The collapse which many Arab societies experienced in the aftermath of the Arab Spring was neither sudden nor unexpected but the result of a long and gradual decay of social and cultural institutions. The escalation of militancy, violence, sexual neurosis, economic hardships and political failure in the post-independence era, in the form of multiple revolutions, wars and civil wars, meant that the sociological conditions in Arab societies were ripe for the activation of scapegoating mechanisms, a role to which Jews are a classic choice. The military defeats at the hands of Israel deeply injured national pride and activated the historical sense of Muslim male supremacy. These sociological elements gave the doctrinal and ideological sociopolitical salience to antisemitic ideas, making them a powerful psychological force among many Muslim societies.
Politicians feed on psychologically meaningful ideas. This is the case with Islamism, Islamist politicians, and antisemitism – Islamists constantly merge their vital interests and their revered symbols and vice versa, as in all human affairs. When paranoid obsessions with Jewish conspiracies are so successful in captivating the minds of so many, it creates the perfect environment for predatory politicians. Thus, for Islamists, antisemitism is both a symbolic system of metaphysical truth and a political program. These two meanings cannot be disentangled.
These ideological social, and political fantasies forces were at play in Colleyville, the wave of antisemitic attacks this last summer, in the Muslim wing of the Squad, in Tehran, in Gaza and many other places. To think that 80 years after the Holocaust, Western intellectuals, politicians, activists, and academics would be trying to obfuscate such a crucial issue is unimaginable. Yet, even with the Foreign Minister of Pakistan live on CNN talking about Jews controlling the media, no one seems to notice. And in the wake of the terrorist attack, and instead of defending Jewish lives, many proceeded to warn about Islamophobia. One would not be entirely insane to assume that some might have even felt a little disappointed that the perpetrator wasn’t a white supremacist. Whether guilty white or blameless Muslim, the identity of the perpetrators trumps that of Jews.

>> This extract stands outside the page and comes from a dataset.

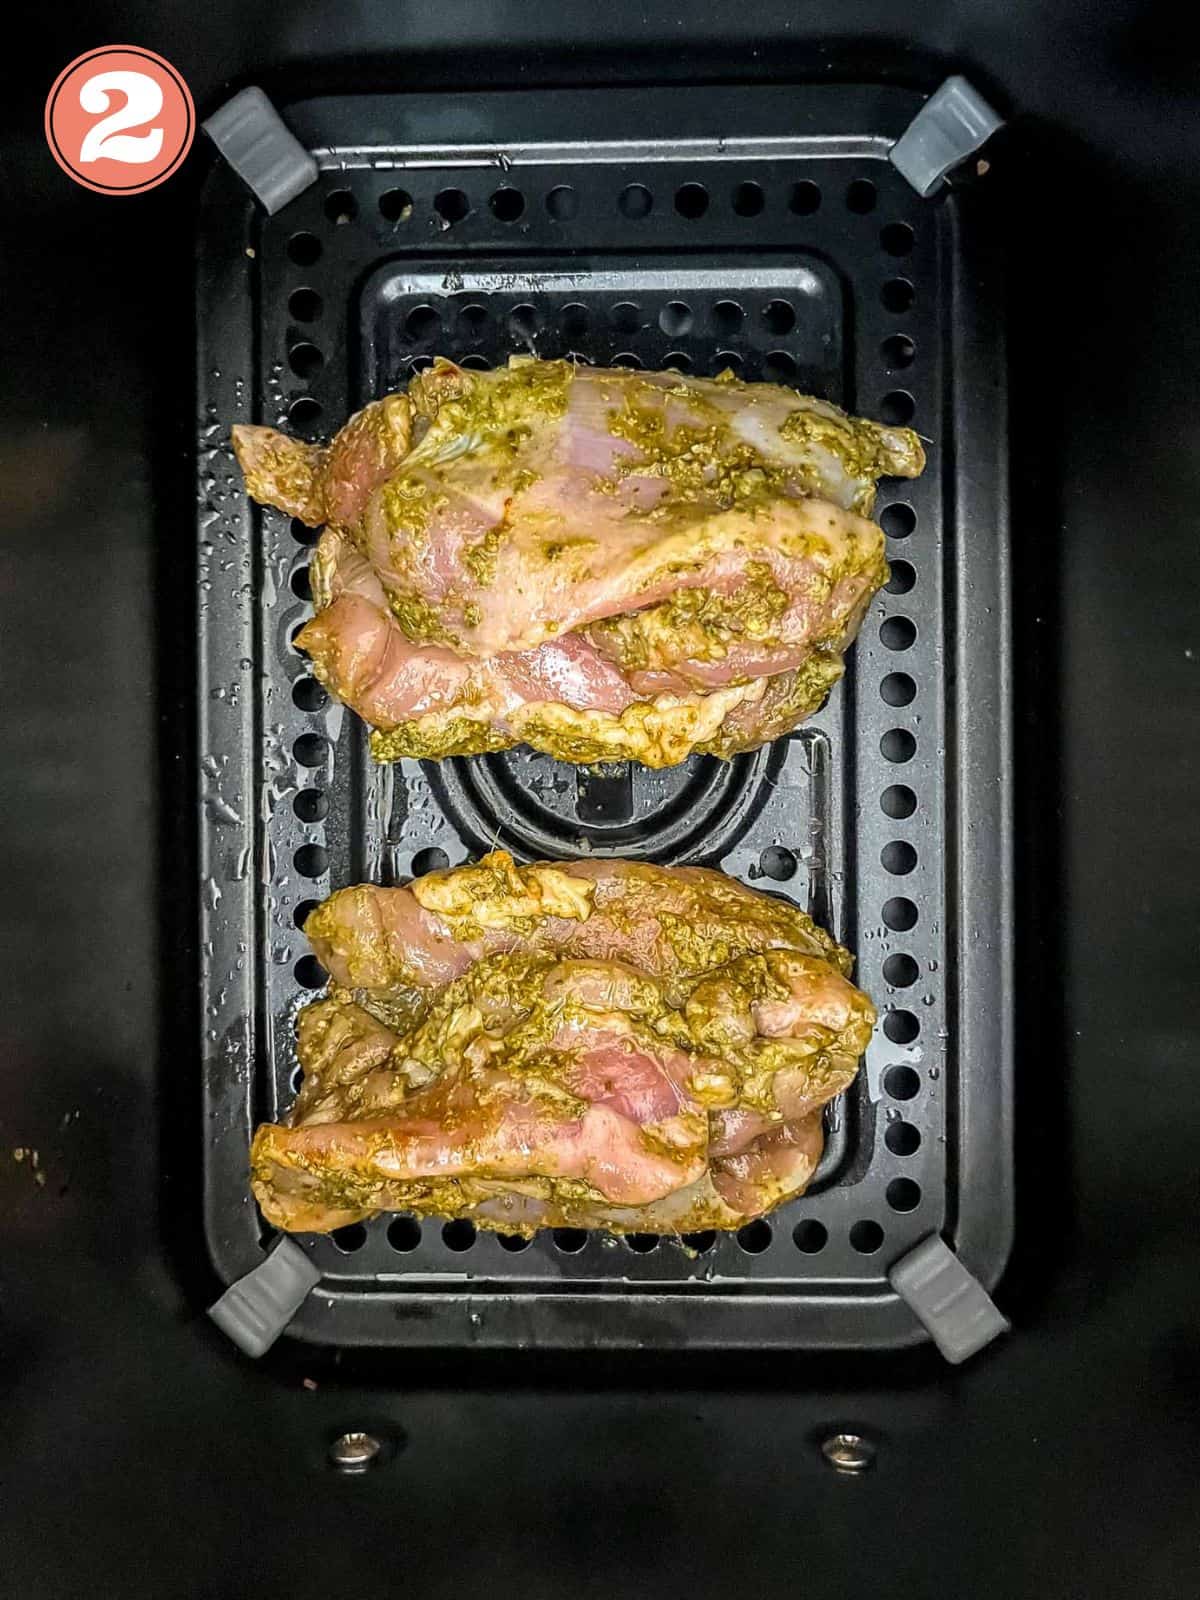 pesto coated chicken thighs in an air fryer basket labelled number two.

To refuse to speak about Muslim antisemitism openly is to do a condescending disservice to Muslims and a terrible betrayal of Jews. In a culture that seems to fetishize stunning bravery, the moment of truth exposes an ocean of cowardice. Those who speak up, whether Jews, Muslims or others, are our only hope to confront the antisemitic position. Antisemitism has been feeding on Muslim minds and Jewish lives for a very long time, and we can’t let “the elect of the good” gaslight us out of reality or make us doubt what we all can see.